CHICAGO — Statin therapy does not significantly influence central aortic pressures or hemodynamics in patients with treated hypertension, Dr. Bryan Williams reported at the annual meeting of the American Society of Hypertension.
He presented data from the lipid-lowering arm of the Conduit Artery Function Evaluation (CAFE-LLA) study, a substudy of the Anglo-Scandinavian Cardiac Outcomes Trial (ASCOT).
Overall, 891 patients were recruited from the statin arm of the ASCOT trial in which patients were treated with atorvastatin 10 mg/day or placebo. ASCOT was stopped early when it became clear that atorvastatin had benefits over placebo in reducing major cardiovascular events and stroke.
The CAFE-LLA investigators hypothesized that this benefit could arise from a favorable effect of statins on large-artery function. They used radial artery pulse-wave analysis to derive central aortic pressures and hemodynamic indexes on repeated visits over a 2.5-year follow-up with the same treatment regimen.
The patients' mean age was 63 years; 86% were men, and 85% were white. At baseline, average total cholesterol level was 210 mg/dL, LDL cholesterol 130 mg/dL, and HDL cholesterol 50 mg/dL.

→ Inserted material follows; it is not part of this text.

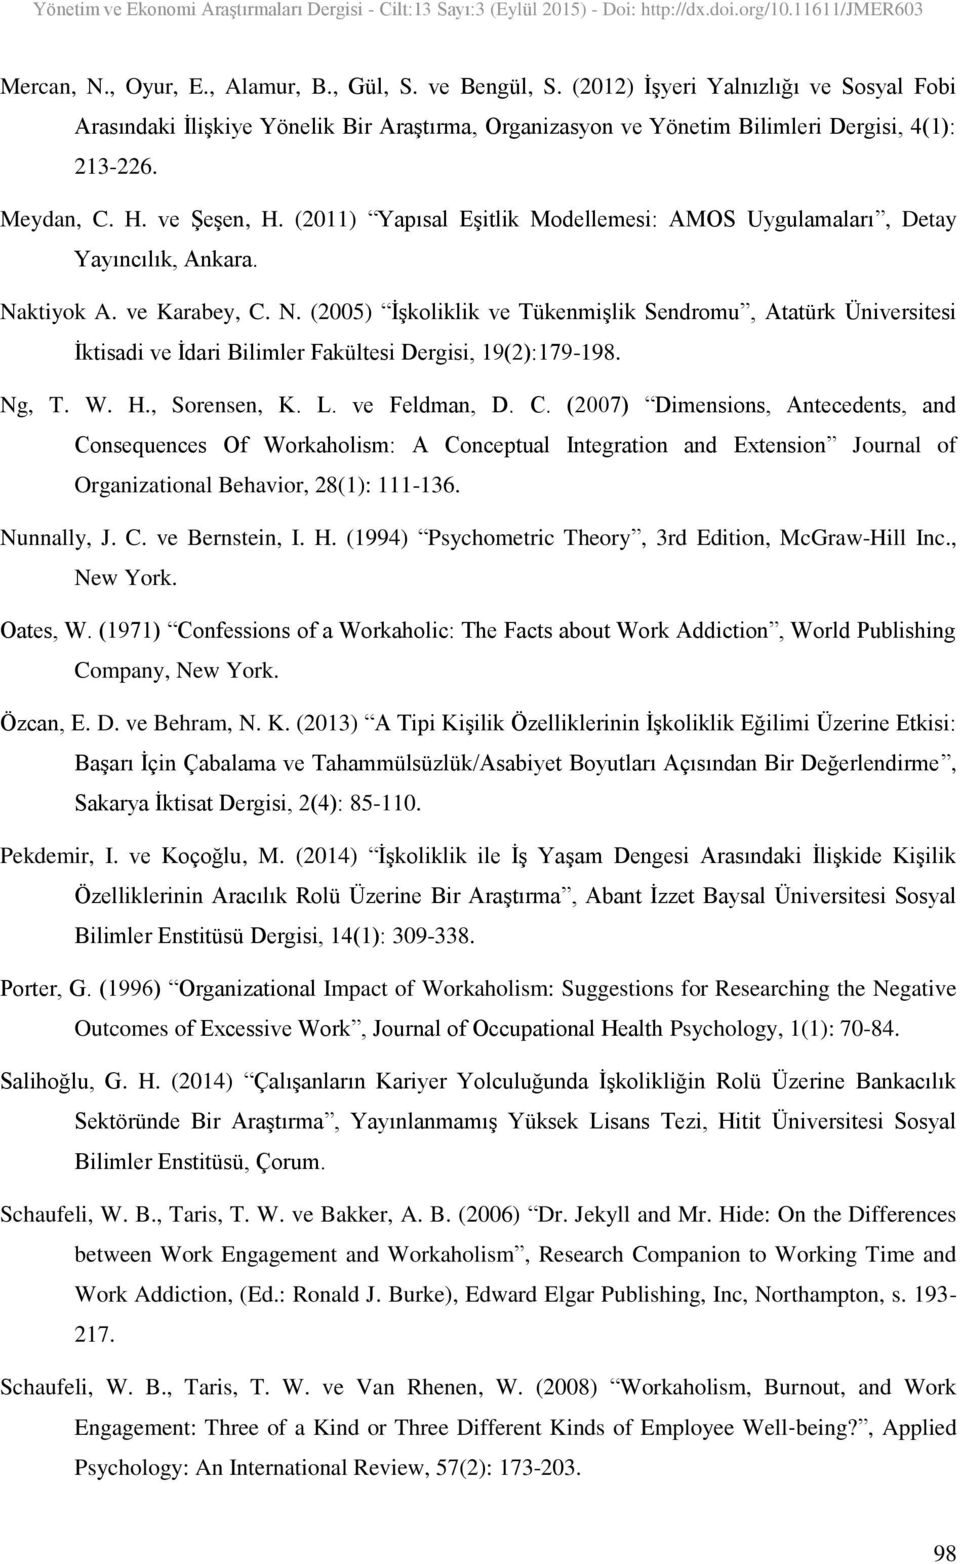 ktiyok A. ve Karabey, C. N. (2005) İşkoliklik ve Tükenmişlik Sendromu, Atatürk Üniversitesi İktisadi ve İdari Bilimler Fakültesi Dergisi, 19(2):179-198. Ng, T. W. H., Sorensen, K. L. ve Feldman, D. C. (2007) Dimensions, Antecedents, and Consequences Of Workaholism: A Conceptual Integration and Extension Journal of Organizational Behavior, 28(1): 111-136.

Atorvastatin lowered the LDL cholesterol level by 32.5 mg/dL, compared with placebo. Time-averaged brachial BP was similar in people receiving atorvastatin or placebo (brachial systolic BP changed by 0.1 mm Hg and brachial pulse pressure changed by 0.02 mm Hg).
The drug had no influence on central aortic BP, compared with placebo (the change in aortic systolic BP was −0.5 mm Hg and the change in aortic pulse pressure was −0.4 mm Hg).
It also did not alter augmentation index or heart rate, compared with placebo, said Dr. Williams, professor of medicine, department of cardiovascular sciences, University of Leicester (England).
The atorvastatin given to 147 patients previously treated with placebo did not subsequently influence brachial or central systolic pressure after 1.4 years of follow-up.
“The benefits of atorvastatin in the ASCOT trial, in significantly reducing coronary heart disease and stroke in hypertensive patients, are not dependent on changes in central aortic pressures or pressure-grade reflections,” he said. The results suggest that “statin effects cannot be reproduced by blood pressure-lowering agents, thereby supporting the use of these two strategies to reduce risk in high-risk hypertensives.”
Dr. Williams has received research support from Pfizer and Merck.